Saturday, October 09, 2010

Ten-Ten-Ten

10-10-10.

What a remarkable day.  Not only is the date a unique one, but it is significant to me personally in a few ways that are intertwined in odd & inspirational ways.  Allow me to explain.

20 years ago on this day, my grandmother passed away.  I was 16.  It was the worst thing that I had known to that point in my young life.  She died of a massive heart attack at the age of 69, and I missed her dearly & still do.  In years past, I have walked in or dontated to the American Heart Association's Pittsburgh Heart Walk in her memory.  This year, this event just happens to fall on 10-10.  I think it's a remarkable coincidence that truly honors her memory that the event takes place on the 20th anniversary of her death. 

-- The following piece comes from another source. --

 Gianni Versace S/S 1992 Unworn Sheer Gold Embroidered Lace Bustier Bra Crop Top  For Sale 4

I made a donation to this year's Heart Walk, but I am not walking.  That is only because 10-10-10 is my very first wedding anniversary.  It was a happy coincidence that 10-10 fell on a Saturday last year.  I always wanted an October wedding, and when I realized that 10-10 was a Saturday in 2009, I thought it was a great way to remember & honor my grandmother.  Though none of our grandparents could be at our wedding, I wanted them all to be there in spirit, especially my mom's mom, who had died on that special day all those years ago.  So, I also carried in my hand the rosaries she had given to my mother to carry on her wedding day.  I carried them with my flowers & thought of her.  We also asked my friend Jennifer to sing Ave Maria before our ceremony.  My grandmother had a devotion to the Blessed Mother, and I remember that the Ave Maria was sung at her funeral. 

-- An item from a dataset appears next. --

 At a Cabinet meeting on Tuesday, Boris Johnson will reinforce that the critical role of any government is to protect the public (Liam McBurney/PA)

Now, you might be thinking that we are morbid.  Why would I want to get married on the anniversary of such a sad day?  Because it was also an important day in my life.  It was a day that really touched me.  The first time that I started to learn what the circle of life was all about.  I think that the saddest days of our lives are also some of the most significant ones & sometimes need to be acknowledged & remembered.  Most importantly, I believe that my grandmother went to a better place on that day all of those years ago & that she was reunited with all of her loved ones that went before her.  My grandfather just passed on Dec. 5, 2009.  I enjoy thinking of them finally being reunited after all of those years apart.  It makes me smile.  I wanted to take that sad day & make it a cause for celebration.

Another oddity is that Paul's maternal grandmother passed on 10-01-09, just 9 days before our wedding, and mine passed on 10-10-90.  I am a number geek, so all of these weird date coincidences freak me out!  In a good way.  :-)

Sometimes when I can't sleep, I like to imagine all of my grandparents (and Paul's grandma, who was the only of his grandparents I knew) hanging out together, singing, laughing, gardening, cooking, and doing all of the things they did in life when they were young, happy, and healthy.  It comforts me to think of them like this.  Free from the discomfort & pain of old age & illness.  And watching me with love from whatever place is waiting for all of us when it's our time to leave this world. 

One year ago today, on 10-10-09, Paul & I took the love that we feel for each other & shared it with our families & friends.  We celebrated it, and we continue to celebrate it by living that love each day.  We completed the circle of life that began 20 years ago.  Happy anniversary to my soul mate, my partner in this madness we call life, my rock, my lover, my friend, my husband, Paul.